Data shown
* * *
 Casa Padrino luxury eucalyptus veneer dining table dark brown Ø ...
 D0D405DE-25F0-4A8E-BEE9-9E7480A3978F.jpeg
* * *
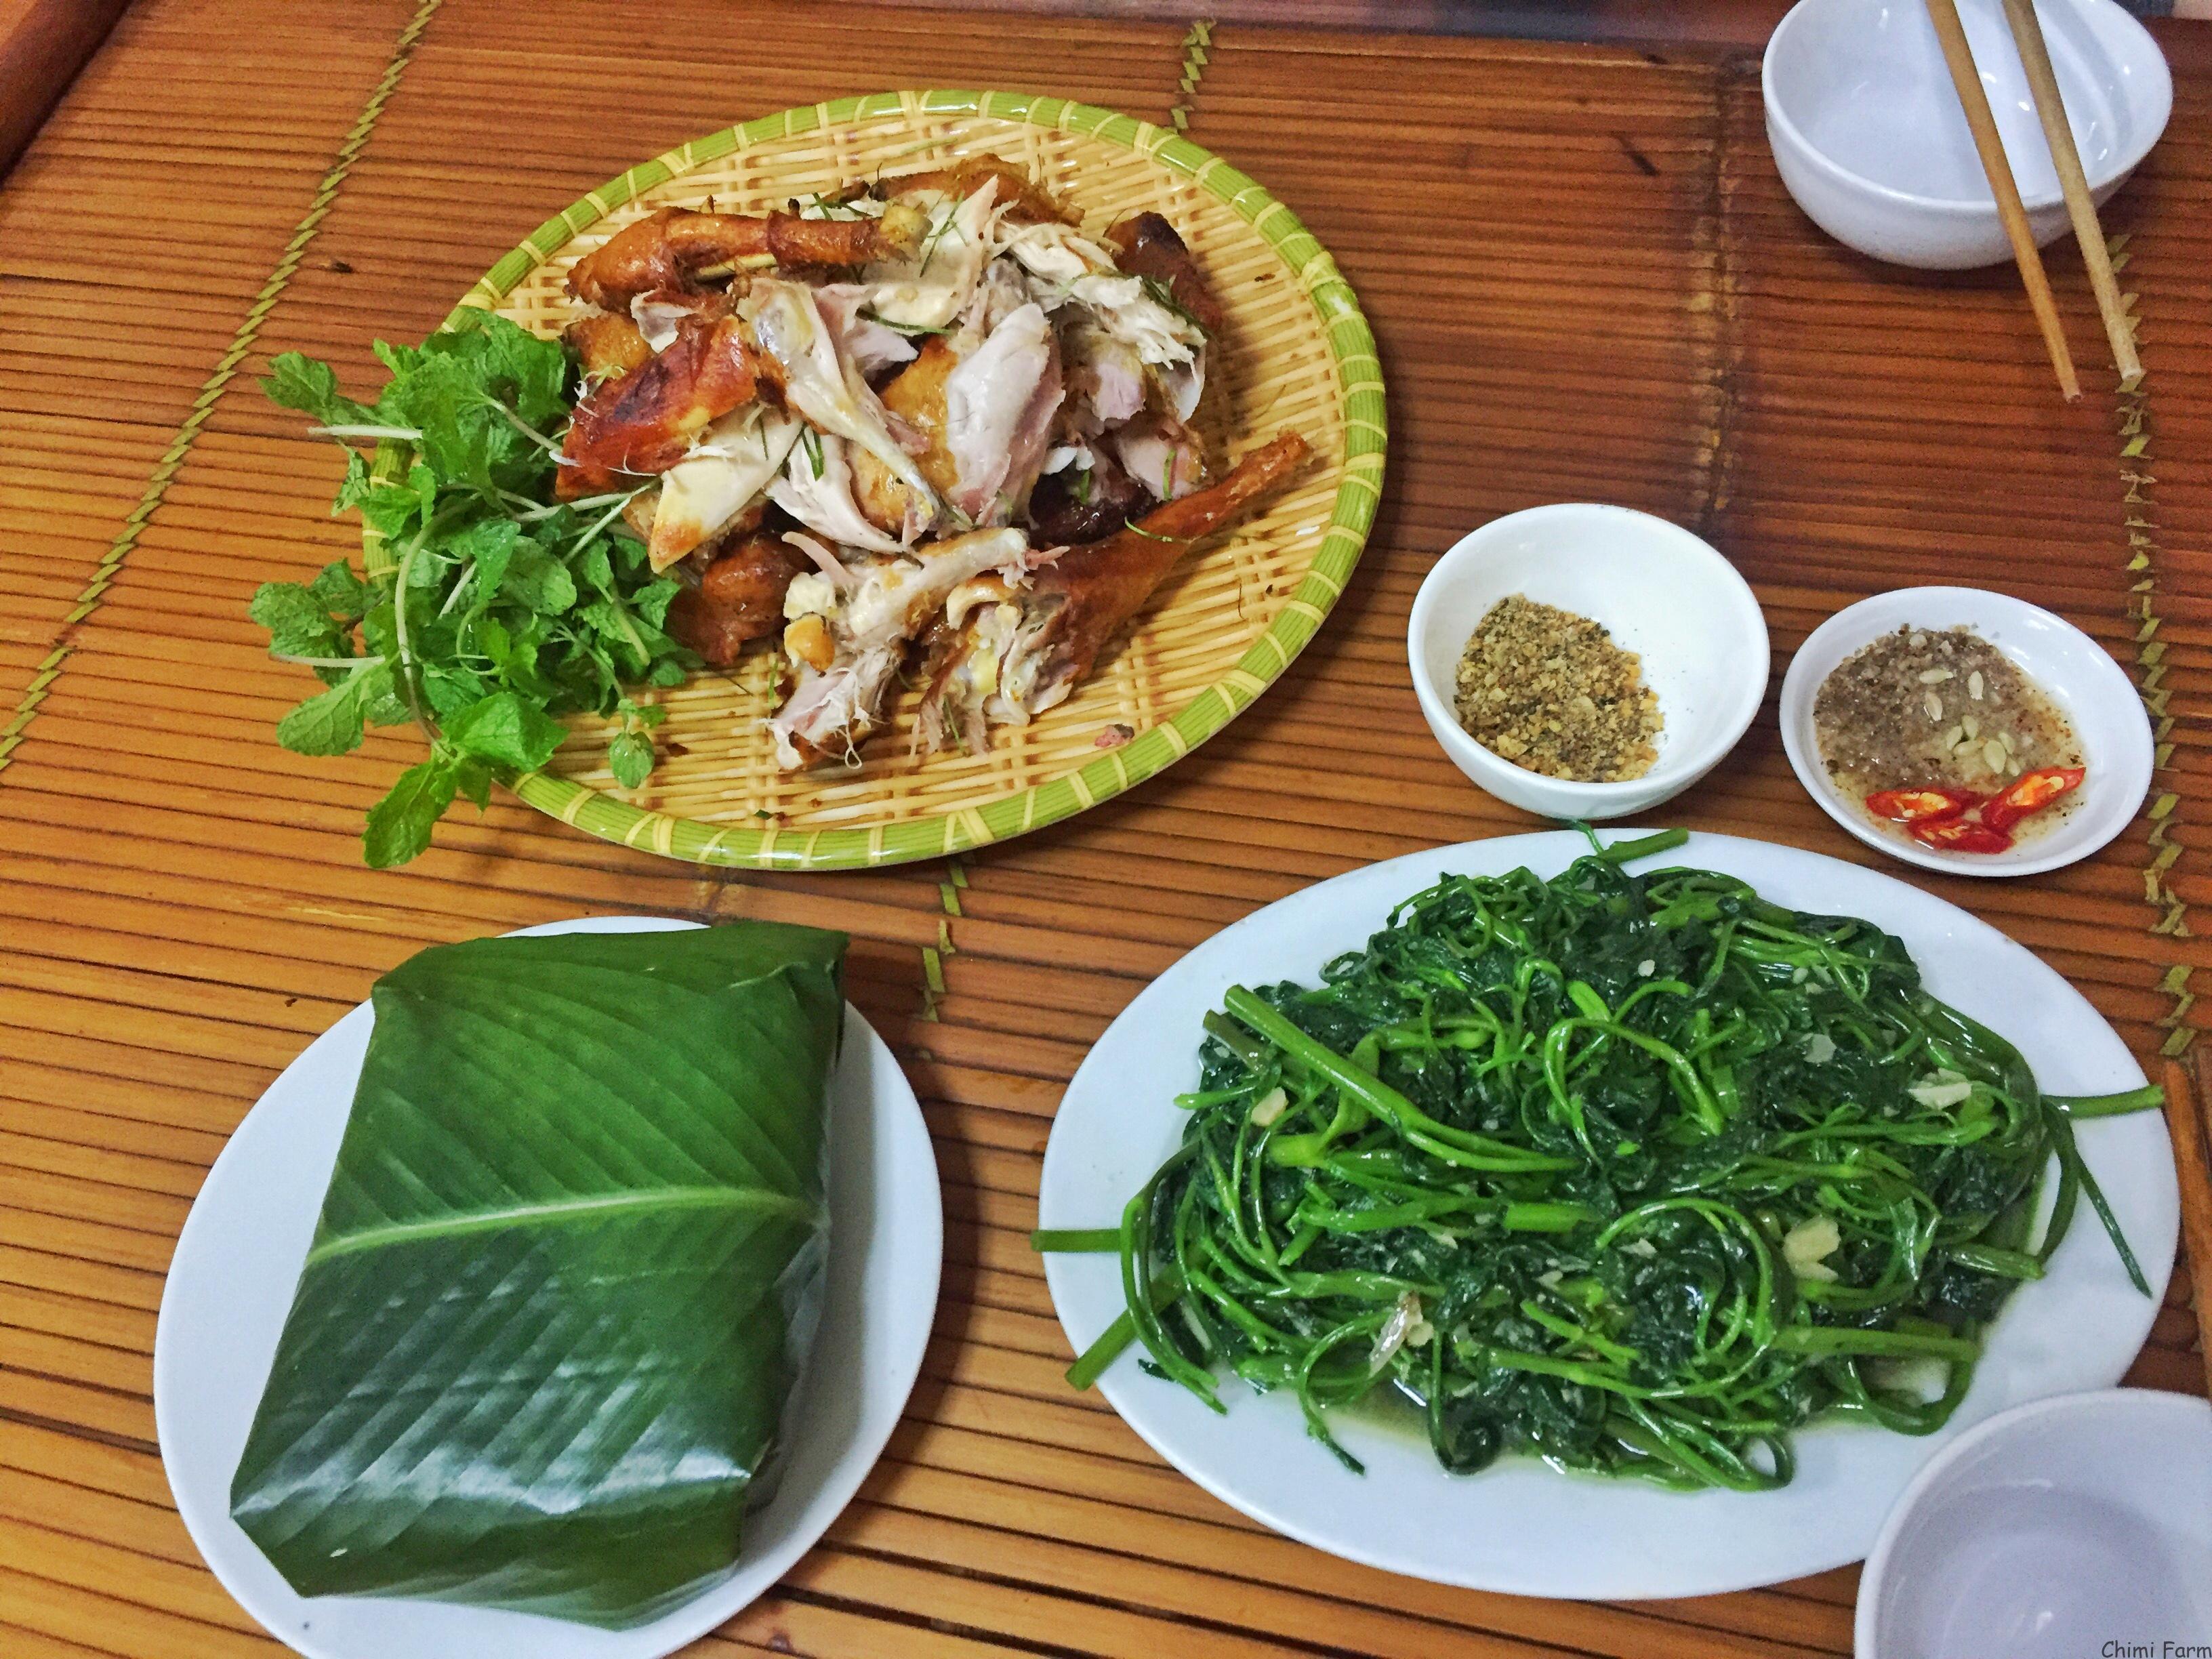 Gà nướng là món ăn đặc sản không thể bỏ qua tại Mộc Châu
* * *
From the records above, transcribe without alteration every line from the one with "Casa Padrino luxury" to the one with "D0D405DE-25F0-4A8E-BEE9-9E7480A3978F.jpeg", inclusive.

Exercise output
 Casa Padrino luxury eucalyptus veneer dining table dark brown Ø ...
 D0D405DE-25F0-4A8E-BEE9-9E7480A3978F.jpeg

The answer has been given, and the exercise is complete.